Grayson smiles brightly, and shakes his finger. “If Mr. Kakas hears that he’s got a Charlestown gal hanging around the minks he’ll think you’re just here to plot a caper.”
Her laugh surprises her, but she catches it, kills it and shakes her head.
“Bring them in, wise guy. I’ll have to go upstairs to get you a check.”
“Muchas gracias,” he says, bowing slightly.
At the back of the straight job he stacks five cartons of paper forms on his two-wheel hand truck and gigs the
m in, through the middle of the store and into the back room. There an armed security guard sits on a raised platform looking out at the store, hidden behind what the customer would only see as a big mirror positioned high on the back wall. The uniformed young man is also watching a row of closed-circuit TVs, with shots from six different camera angles, both indoors and out.
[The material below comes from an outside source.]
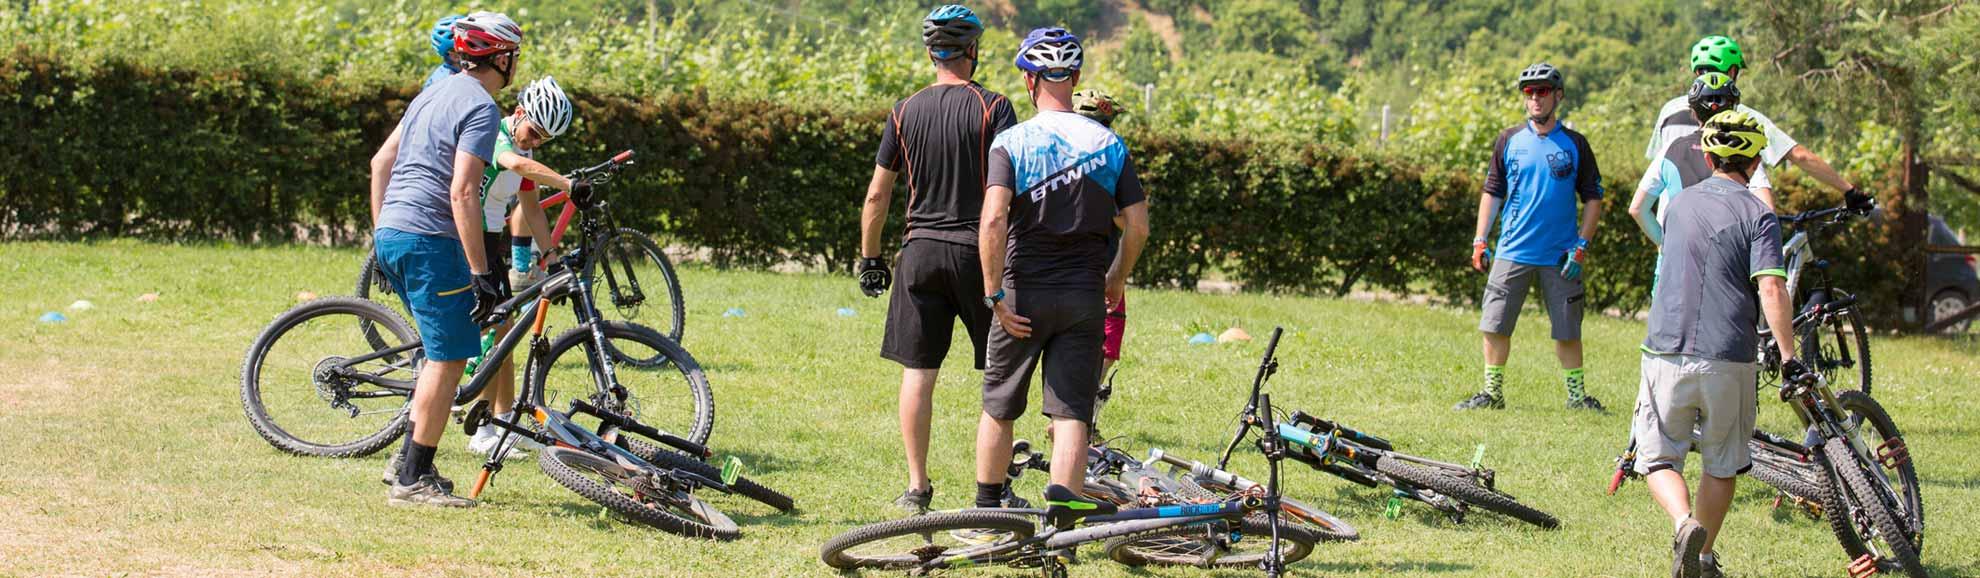 Mtb percorsi bike Langhe Roero

Grayson salutes the guard, who replies with a nod, “Sss-happenin, man.”
“You tell me,” Grayson says. “You got the fancy TVs.”
“I see you out there grinning at Lauren,” the guard says.
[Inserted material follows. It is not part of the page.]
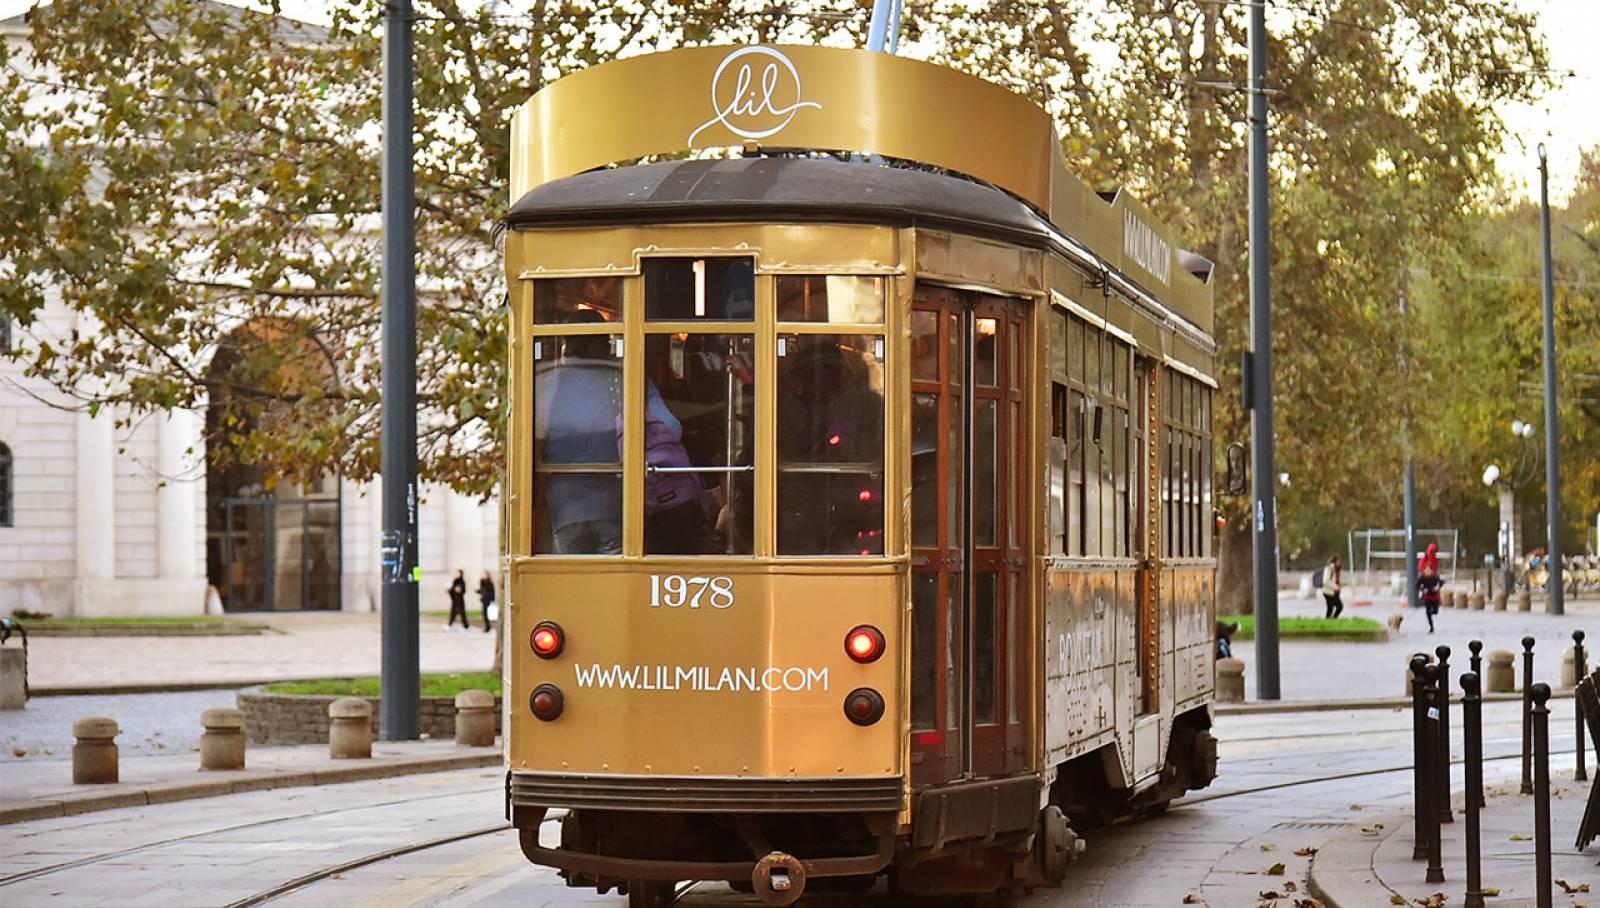 Pubblicità Out of Home a Milano IGPDecaux tram decorato per LIL

“A man can grin, can’t he?”
“Not for long, brother. She tell you to put them here? They usually go upstairs.”
Grayson shook his head. “No, no, not these. These don’t go upstairs, they’re special order or some shit. She said, specifically, she said, ‘and don’t let that idiot back there tell you otherwise.’ She mean you?”
The guard looks hurt, and shrugs. “I’m the only one here.”
Grayson laughs. “No, she didn’t say that. I’m just kidding you.”
The guard frowns. “Hey, man, you shouldn’t go about fomenting trouble for people.”
“Yeah, you’re right. Sorry.”
Grayson pulls the two-wheeler out from under the cartons and left them standing five high. He goes back through the store and out the front door to the street.
As he is going out, a young woman wearing a short skirt and black nylons is coming in and he holds the door open. She’s a knock out; mid-twenties, long, light brown, almost blonde hair, perfect features, high cheek bones and brightly lit, sandy brown eyes. She smiles at him like they both know the same secret. The woman is wearing a three-quarter length, brown leather coat over a black V-neck sweater and a white turtleneck. Her clothes look expensive and exotic, and Grayson has no idea why they do; maybe it’s because she’s wearing them going into a fur store. Her scent drifts by and touches off a desperate longing that makes him want to crumple to the sidewalk. It is the same perfume that Catherine uses, but for a time, he can’t retrieve the name; then it came: Shalimar.